When blank, indicates status isn't known, and wasn't inferred at creation time.
Can often be interpreted as published
, but be careful!
withdrawn_status
Vocabulary
Don't know of an existing controlled vocabulary for things like retractions or other reasons for marking papers as removed from publication, so invented my own. These labels should be considered experimental and subject to change.
Note that some of these will apply more to pre-print servers or publishing accidents, and don't necessarily make sense as a formal change of status for a print journal publication.

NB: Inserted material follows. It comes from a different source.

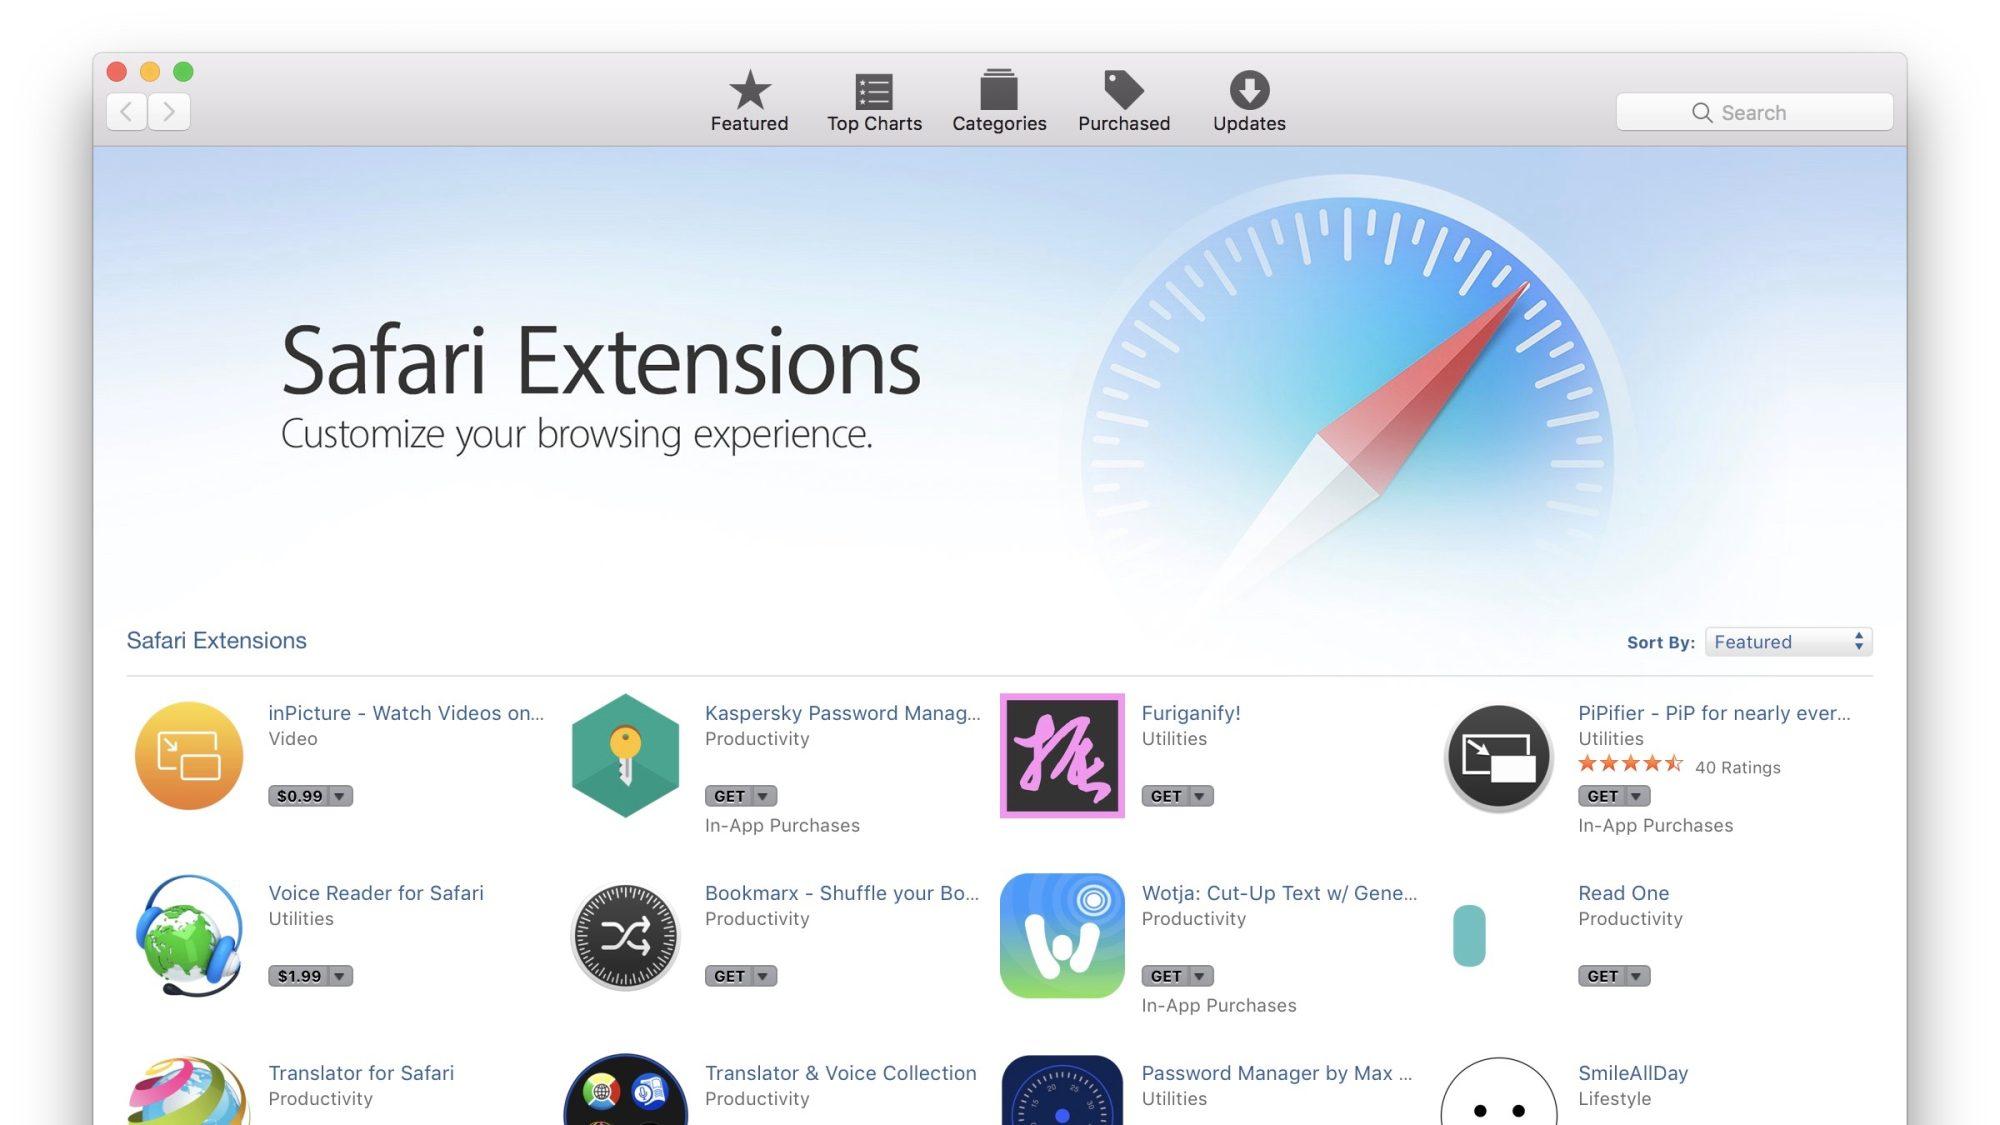 Safari Extensions Webpage

Any value at all indicates that the release should be considered "no longer published by the publisher or primary host", which could mean different things in different contexts. As some concrete examples, works are often accidentally generated a duplicate DOI; physics papers have been taken down in response to government order under national security justifications; papers have been withdrawn for public health reasons (above and beyond any academic-style retraction); entire journals may be found to be predatory and pulled from circulation; individual papers may be retracted by authors if a serious mistake or error is found; an author's entire publication history may be retracted in cases of serious academic misconduct or fraud.
withdrawn
is generic: the work is no longer available from the original publisher. There may be no reason, or the reason may not be known yet.retracted
for when a work is formally retracted, usually accompanied by a retraction notice (a separate release under the same work). Note that the retraction itself should not have awithdrawn_status
.concern
for when publishers release an "expression of concern", often indicating that the work is not reliable in some way, but not yet formally retracted. In this case the original work is probably still available, but should be marked as suspect. This is not the same as presence of errata.safety
for works pulled for public health or human safety concerns.national-security
for works pulled over national security concerns.spam
for content that is considered spam (eg, bogus pre-print or repository submissions). Not to be confused with advertisements or product reviews in journals.
contribs.role
Vocabulary
author
translator
illustrator
editor
All other CSL role types are also allowed, though are mostly out of scope for Fatcat:
collection-editor
composer
container-author
director
editorial-director
editortranslator
interviewer
original-author
recipient
reviewed-author
If blank, indicates that type of contribution is not known; this can often be interpreted as authorship.
More About DOIs
All DOIs stored in an entity column should be registered (aka, should be
resolvable from doi.org
). Invalid identifiers may be cleaned up or removed by
bots.
DOIs should always be stored and transferred in lower-case form. Note that there are almost no other constraints on DOIs (and handles in general): they may have multiple forward slashes, whitespace, of arbitrary length, etc. Crossref has a number of examples of such "valid" but frustratingly formatted strings.
In the Fatcat ontology, DOIs and release entities are one-to-one.
It is the intention to automatically (via bot) create a Fatcat release for every Crossref-registered DOI from an allowlist of media types ("journal-article" etc, but not all), and it would be desirable to auto-create entities for in-scope publications from all registrars. It is not the intention to auto-create a release for every registered DOI. In particular, "sub-component" DOIs (eg, for an individual figure or table from a publication) aren't currently auto-created, but could be stored in "extra" metadata, or on a case-by-case basis.